By Kiana Wilburg
An effective Local Content Policy is not possible without an assessment of the country’s ability to provide goods and services to the petroleum industry.
And for Guyana to be successful in its endeavours to complete such a policy, Attorney-at-Law, Nigel Hughes is calling on the framers of the draft policy to urgently gather data on the country’s strengths and weaknesses.
“We first have to harvest data on what our immediate capacity is and what our short, medium and long term capabilities for local content are. There is no point having a Local Content Policy that is not based on existent reliable data on what we have and how we could migrate over the short, medium and long term areas in which we can actually provide services at competitive prices.”
He added, “The important thing about local content is that we want to remain competitive. We want to keep an eye on being competitive… I think we need to establish a world class, deep water oil industry that in terms of competitiveness, it is second to none. We have to set up the overall framework and then factor in local content in that context rather than just positioning it as an objective without baseline information.”
To his knowledge, this baseline data on the existing needs and capabilities of the nation has not been harvested as yet.
Quite often, local content policies are designed without sufficient consideration of the resources available nationally and the changing nature of these resources. They are also done without co-operation with partner companies.
It is in this vein that another international organization, Chatham House, called on Guyana to be cautious in its design of a Local Content Policy. It stressed that in the haste to have such a policy, Guyana must avoid simply mimicking other countries’ local content policies.

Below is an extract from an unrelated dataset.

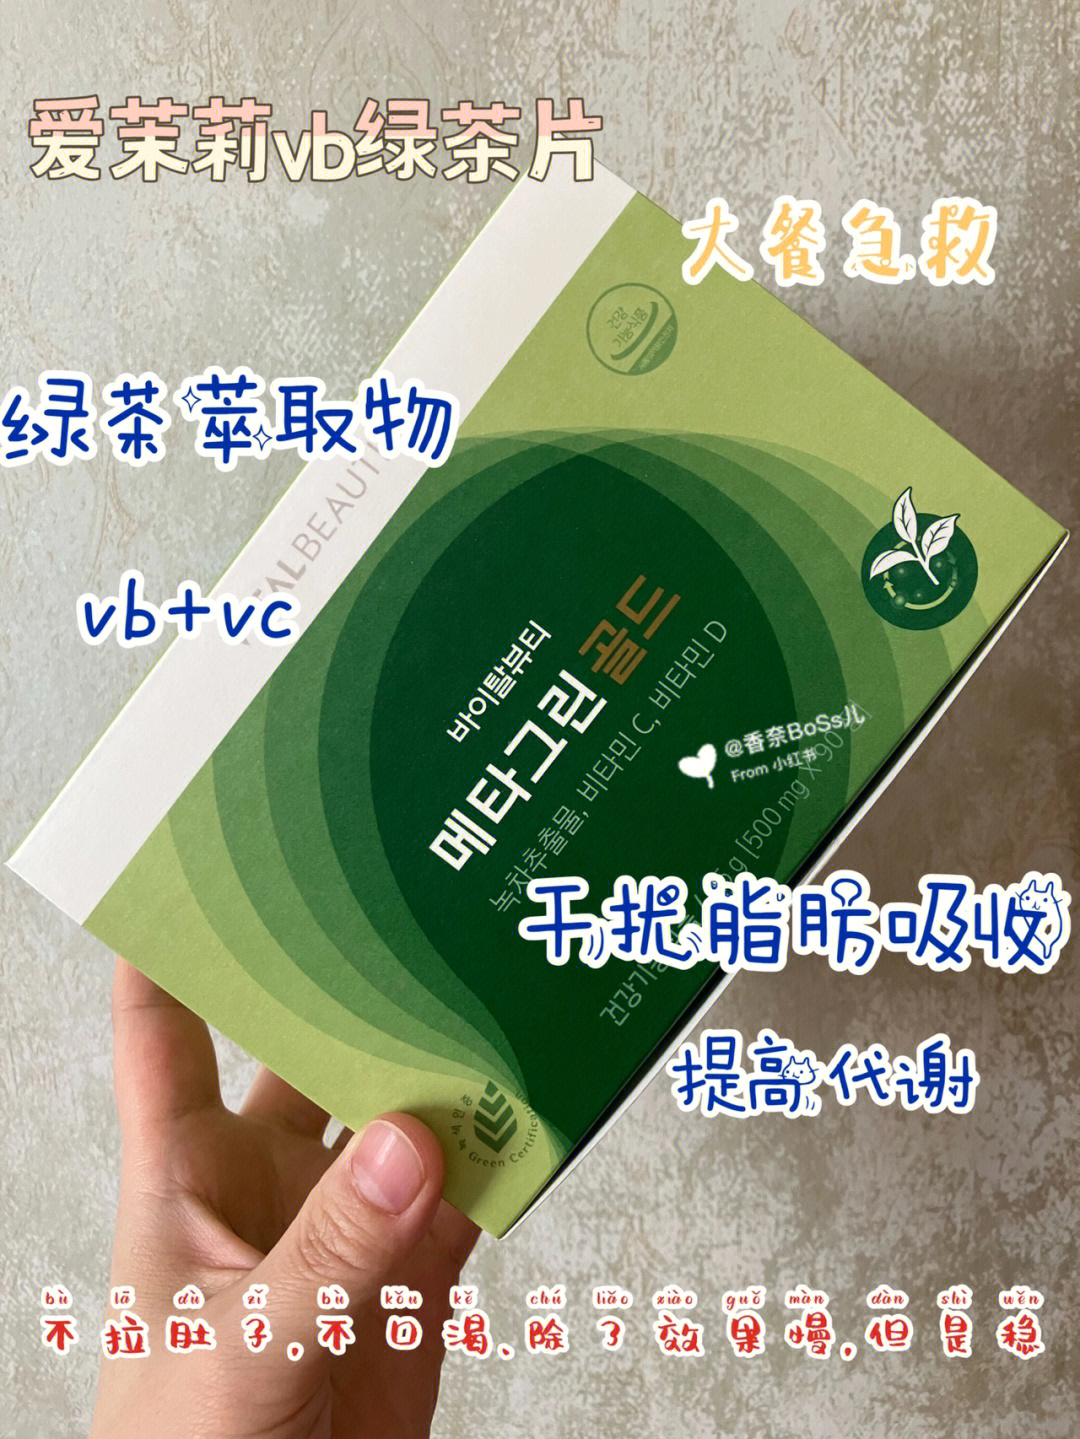 爱茉莉vb绿茶片韩国通赛推荐

It is urging Guyana and other emerging oil producers to first develop a “thorough understanding” of the local context. This would include the scale of discoveries, availability of skills and infrastructure, availability of oil/gas in country etc. The global organization said that governments should then assess what skills will be needed through the lifecycle of the project(s). It said that this can be done in collaboration with foreign oil companies. The organization stressed that this assessment should be the basis for defining local content policy and targets that would be realistic and achievable.
Once this is done, Chatham House said that the Government should focus next on capacity-building by requiring investors to develop the workforce and the supply base. It said, “For many emerging producers, the starting point in terms of demands on foreign oil companies should be local sourcing of simple on-site services – construction and consumables for workers, for instance. They should avoid the delivery of turnkey projects run by foreign staff.”
Further to this, Chatham House said that governments of emerging oil producing nations must facilitate foreign oil companies’ efforts to develop the local supply industry and workforce. Specifically, Chatham House said that the government should link local content policy in the oil sector to its broader education strategy and build the kind of workforce that is able to respond to the country’s future needs.